Как бы подтверждая мои мысли, Луи положил свою руку на мою и крепко сжал ее, потом, словно опомнившись, отпустил меня. На его лице отобразилась внутренняя борьба, которую он силился скрыть, а когда почувствовал мой взгляд, отвернулся в другую сторону, чтобы я не смогла догадаться о его терзаниях.

Я отметила про себя, что мы впервые совершенно открыто разговариваем с ним о тайных встречах в гостиничных номерах «Отеля де Шарм» под присмотром месье Жака. То, что Луи, не стесняясь, затрагивал щекотливую тему, служило признанием его участия в этом заговоре. Наконец он обернулся ко мне, и я увидела следы борьбы на его лице: Луи, известный многим как человек, занимающий в обществе определенное положение, силился одержать верх над Луи заговорщиком и тайным махинатором, но борьба была на равных, никто не хотел уступать.

Я пожалела, что не могу сохранить доказательства и хоть какие-то следы нашего разговора, я не могла даже включить диктофон на мобильнике, чтобы поймать его в ловушку.

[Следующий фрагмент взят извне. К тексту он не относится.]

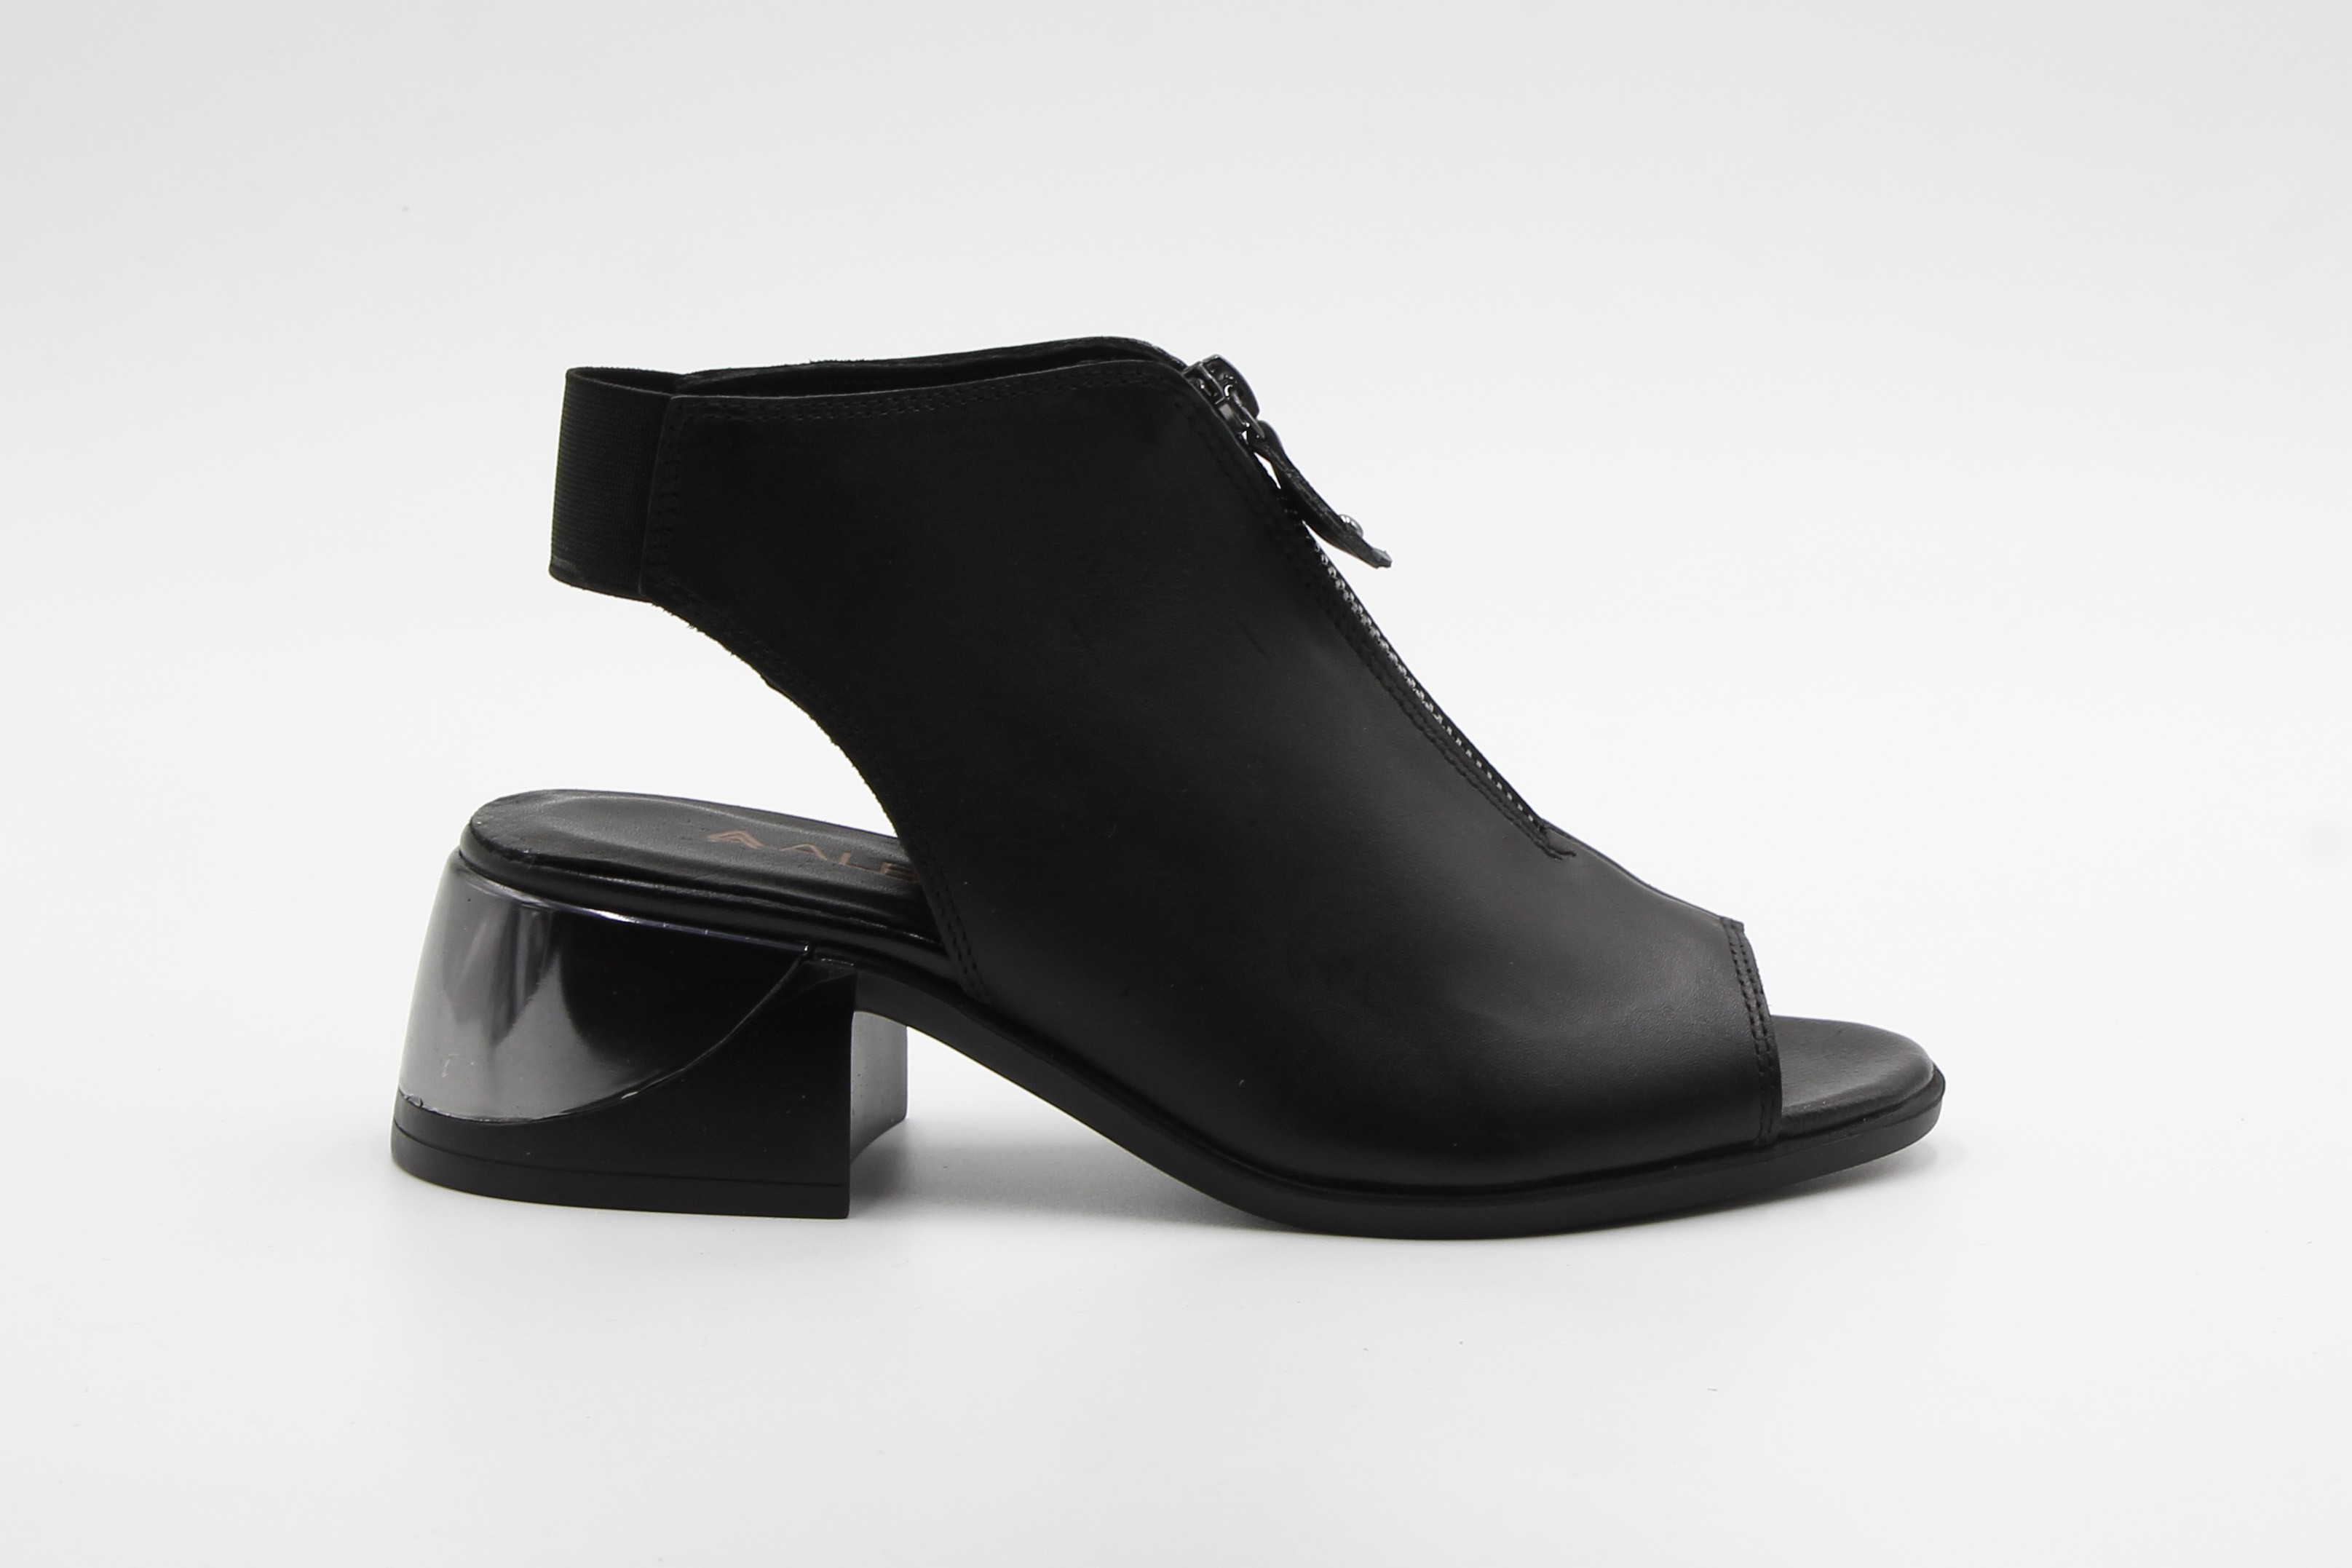 Albini Kadın Deri Dolgu Topuk Sandalet - Siyah

В карманах моего серого спортивного костюма были только ключи и пакетик с бумажными салфетками.

– Что же нам мешает пойти дальше? А? Кто вам сказал, что в тот вечер я не могла отважиться на большее?

Направленные в мою сторону в состоянии полной готовности, трепещущие под моими пальцами фаллосы всколыхнули память. Мне показалось, что я слышу томные вздохи и хриплое дыхание.

– Просто в тот раз вы были не готовы, Анабель… Пока рано. Есть еще многое, что вы должны узнать прежде, чем мы пойдем дальше.


Он перестал притворяться высокомерным снобом, что упорно старался делать на людях. Настоящий Луи не был ни похотливым угодником, ни заносчивым фанфароном. Запах его одеколона щекотал мне ноздри, но уже не раздражал. Смягчившись и стараясь больше не поддаваться гневу, я спросила:

– То есть сначала мне нужно прочитать то, что вы рекомендовали? Так?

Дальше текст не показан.